LM Studio expone OpenAI-compat. Cualquier client OpenAI puede llamarlo apuntando a http://localhost:1234/v1. Para Claude Code se necesita LiteLLM (ver proxies.md).

vLLM — para producción

pip install vllm
python -m vllm.entrypoints.openai.api_server \
  --model Qwen/Qwen2.5-Coder-32B-Instruct \
  --dtype float16 \
  --gpu-memory-utilization 0.9 \
  --port 8001

Como Ollama y LM Studio, expone OpenAI-compat → necesita LiteLLM en frente para Claude Code.

NVIDIA NIM — sin proxy

Ver carpeta ../nvidia-nim/ con instrucciones específicas. NIM es la única opción que no requiere proxy porque expone Anthropic-compat nativo.

DGX Spark: notas específicas

Hardware: GB10 Grace Blackwell, 20 ARM CPU cores, 128 GB LPDDR5X unified, 4 TB SSD, ~1 PFLOP FP4 sparse, NVLink C2C entre CPU y GPU.

Memoria unificada: a diferencia de las GPUs discretas, CPU y GPU comparten RAM. Esto permite cargar modelos grandes (Qwen3-Coder 480B Q4 ~320GB no cabe sin offload; pero modelos ~70-128B caben holgados).

ARM64: verifica que las imágenes Docker / runtimes que descargas son linux/arm64:

docker manifest inspect <imagen> | grep architecture
file $(which ollama)   # debería decir aarch64

Setup recomendado para Spark:

  1. Ollama (nativo ARM, ya soportado).
  2. Tira ollama pull con modelos que entren en 128GB (recomendados: qwen2.5-coder:32b, llama3.3:70b, deepseek-coder-v2:236b con offload limitado).
  3. LiteLLM en la misma máquina (puerto 4000).
  4. Desde tu laptop u otra máquina cliente: apunta ANTHROPIC_BASE_URL=http://<spark-ip>:4000 en el settings.json de la carpeta ollama-local/.

Modelos top para coding (rankeo por capacidad)

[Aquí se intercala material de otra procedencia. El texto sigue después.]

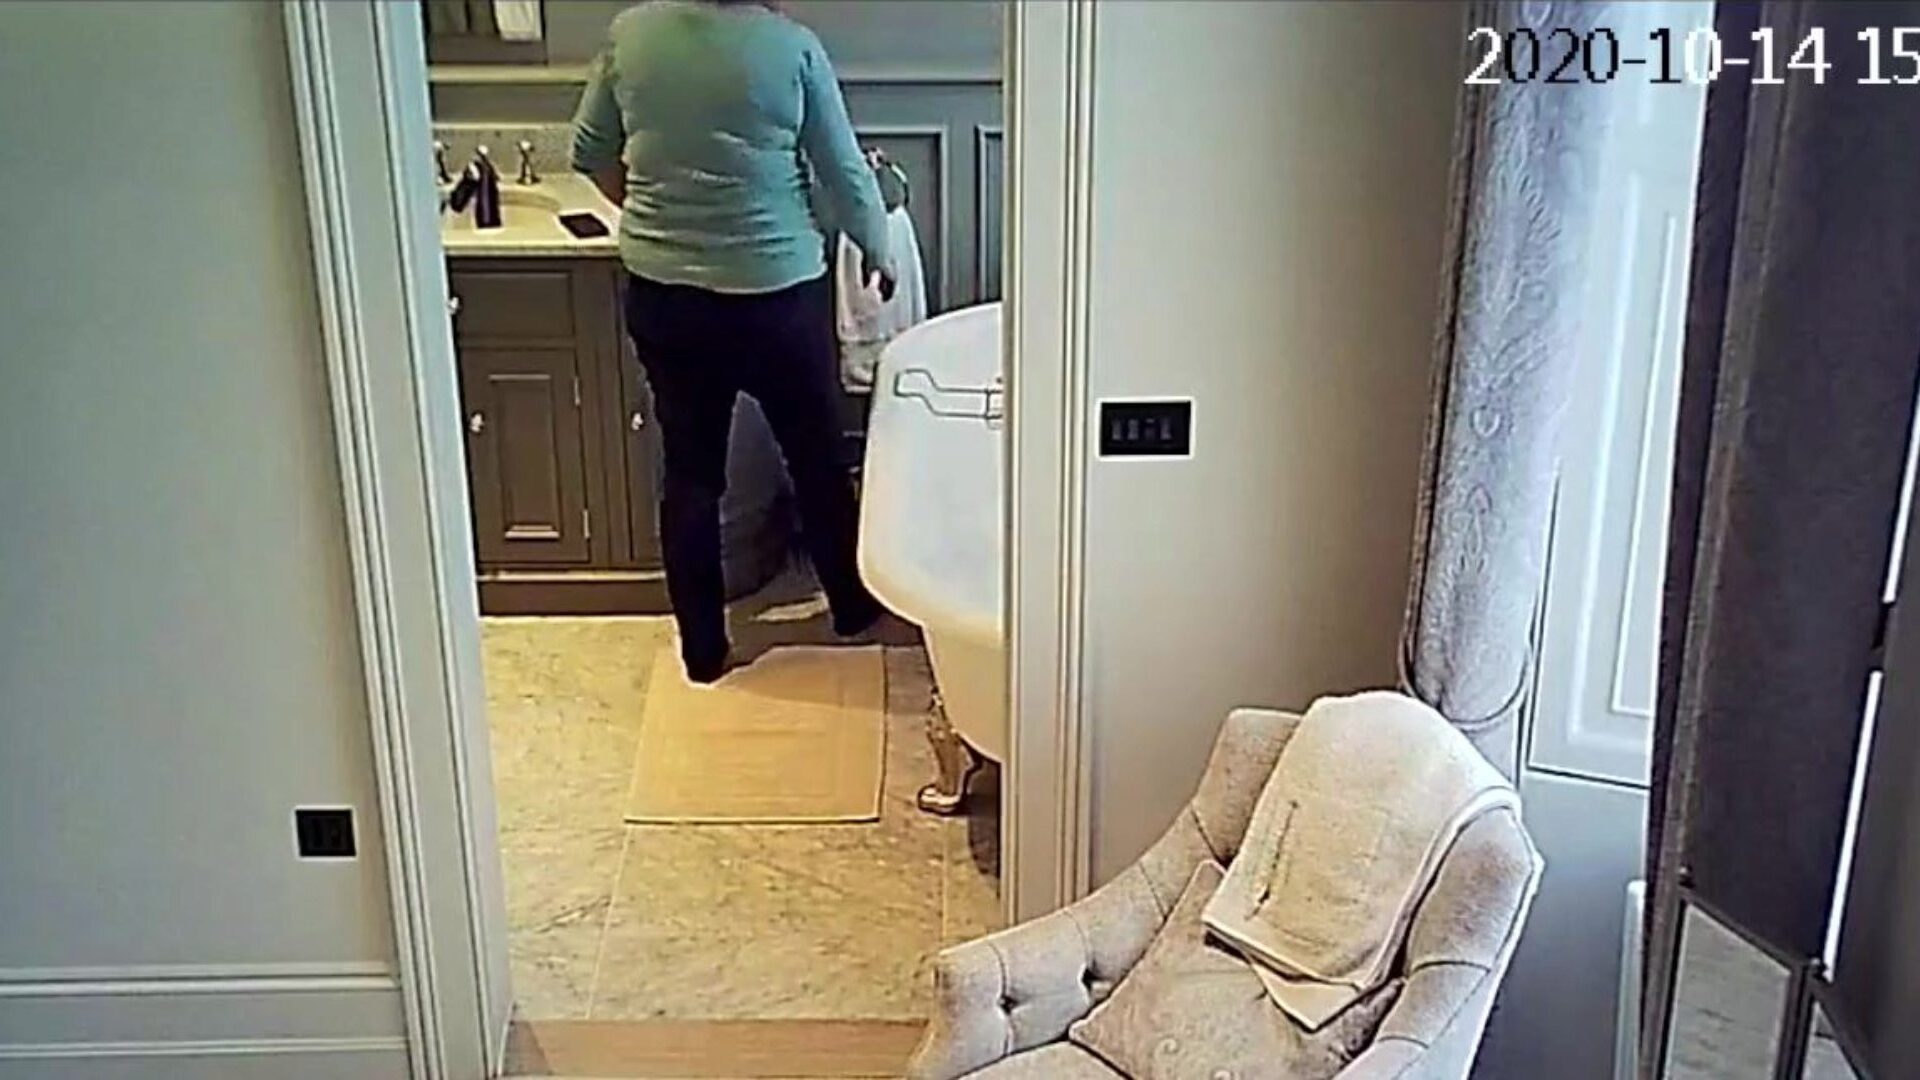 ipcam milf umivaonik glomazan u dobi uzima umivaonik da je ta beba na sigurnosnoj web kameri

Modelo Aider Polyglot Tamaño Q4 Comando
Qwen3-Coder-480B-A35B 61.8% ~320 GB ollama pull qwen3-coder:480b
Qwen2.5-Coder-32B 57.2% ~20 GB ollama pull qwen2.5-coder:32b
DeepSeek-V2-236B 55.8% ~150 GB ollama pull deepseek-v2
Llama-3.3-70B 54.1% ~40 GB ollama pull llama3.3:70b
GLM-4.5-Air ~52% ~20 GB ollama pull glm-4.5-air
Devstral-7B 45.2% ~5 GB ollama pull devstral:7b

Conectar Claude Code

Ollama (nativo, sin proxy)

# 1. Asegúrate de tener Ollama 0.11+
ollama --version

# 2. Lanza:
ollama serve &
ollama pull qwen3-coder

# 3. Verifica el endpoint Anthropic-compat:
curl http://localhost:11434/v1/messages \
  -H "x-api-key: ollama" \
  -H "anthropic-version: 2023-06-01" \
  -H "content-type: application/json" \
  -d '{"model": "qwen3-coder", "max_tokens": 100, "messages": [{"role": "user", "content": "ping"}]}'

# 4. Claude Code:
cd ../ollama-local/
cp .claude/settings.local.json.example .claude/settings.local.json
claude

LM Studio / vLLM (vía LiteLLM)

pip install 'litellm[proxy]'

# Ejemplo LM Studio (server arrancado en :1234):
litellm --model openai/qwen2.5-coder-32b \
        --api_base http://localhost:1234/v1 \
        --port 4000 &

# Claude Code apunta a :4000 (ver lmstudio-local/.claude/settings.json)
cd ../lmstudio-local/
cp .claude/settings.local.json.example .claude/settings.local.json
claude

Troubleshooting

  • "Connection refused": ¿está corriendo Ollama? curl http://localhost:11434/api/tags.
  • Tools no funcionan: muchos modelos open-source tienen tool-use limitado. Prueba con qwen2.5-coder o llama3.3 que tienen mejor cobertura.
  • DGX Spark muy lento al primer prompt: el modelo se carga en VRAM al primer call; los siguientes son rápidos. Considera precargar con ollama run <modelo> "".